Lastly, the Glossiphoniidae and Erpobdellidae families include the leeches you are most likely to scoop up in samples from shallow water bodies. They prey mainly on smaller aquatic invertebrates, which they swallow whole. They are not particularly selective in what they eat — small crustaceans, worms, and fly larvae are all fair game. All species of glossiphoniids possess a piercing proboscis rather than jaws, allowing them to tackle larger invertebrates and to parasitize larger aquatic animals, including turtles and waterfowl. For example, Theromyzon species (otherwise known as “duck leeches”) attach to the eyes and nasal passages of ducks and swans, and in large numbers may even cause the fatality of trumpeter swan cygnets.2 These leeches, when attached to people, are not feeding but instead are mistaking the cool smooth skin of swimmers and waders as submerged rock or wood to rest on.
If you are unlucky enough to have been found by a hungry medicinal leech, then the easiest course of action is to just let them finish feeding, whereby they will drop off after an hour and leave behind a clean wound. Alternatively, using a fingernail or flat card to quickly break the seal around the narrow anterior sucker works to interrupt the feeding. But stressing a feeding leech using salt or fire will cause it to regurgitate and may subsequently result in an infection.
Leech Diversity
Although Alberta leeches do not deserve their creepy reputation, it’s a different story in tropical areas. For instance, the South American Tyrannobdella rex is a small but aptly named leech with oversized teeth. This tiny T. rex (measuring less than 7 cm) favours the nose and mucous membranes of mammals, including humans, where it remains for weeks following satiation. In Alberta, leeches are more mundane, serving as both predator and prey in aquatic ecosystems.

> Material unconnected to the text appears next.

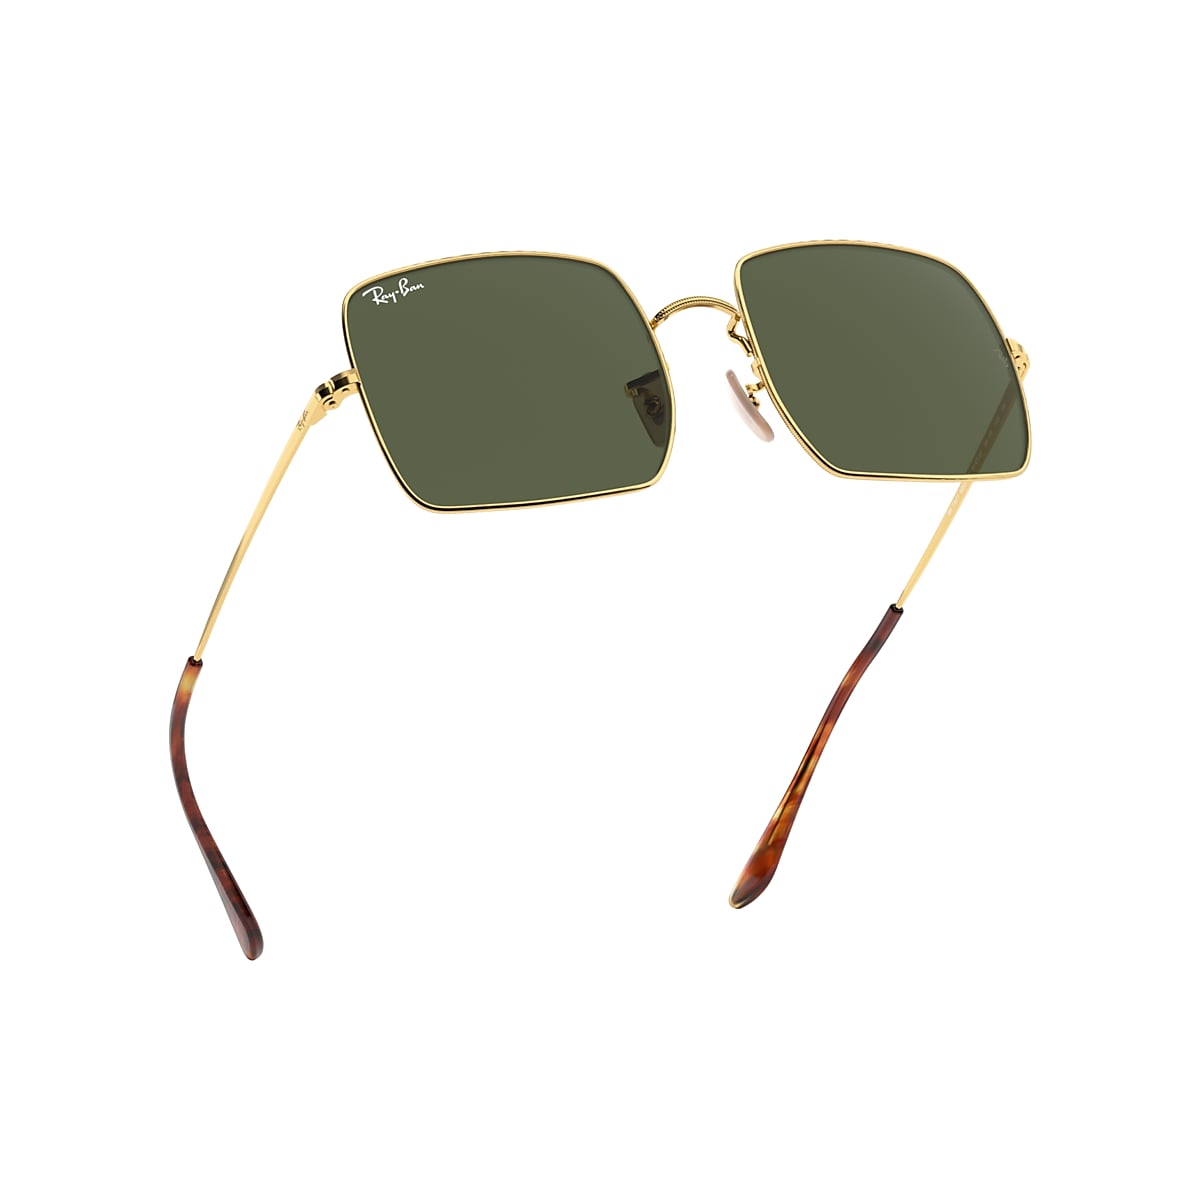 Square 1971 Classic Sunglasses in Gold and Green | Ray-Ban®

Currently, both Erpobdellidae and Glossiphoniidae are under taxonomic revision, and certain long-standing species are no longer considered valid in North America.3 Meanwhile, new species have likely been hiding in plain sight.4 A major challenge is that leeches are notoriously difficult to examine and identify when collected by standard aquatic sweep net protocols. Those wishing to perform accurate identifications must take special care to preserve leech colour and eye patterns through specific preservation measures, and should rely on using the most current taxonomic keys — what few there are! Fortunately, DNA barcoding is now helping to fill in the large gaps left by conventional morphological identification.
Love or hate them, fear or ignore them, leeches are cosmopolitan in aquatic habitats. While their feeding methods might evoke primitive fears, leeches are just one of the many invertebrates that make up the ecology of our wetlands. If only for the fun of filling in missing taxonomic pieces, I hope that fellow naturalists learn that leeches don’t suck as much as they once thought, and will instead view them with a bit more curiosity.
Cheryl Tebby is an Alberta Biodiversity Monitoring Institute aquatic taxonomist, and assists with the identification of countless numbers of aquatic invertebrates collected annually by the ABMI.
This article originally ran in Nature Alberta Magazine – Fall 2023.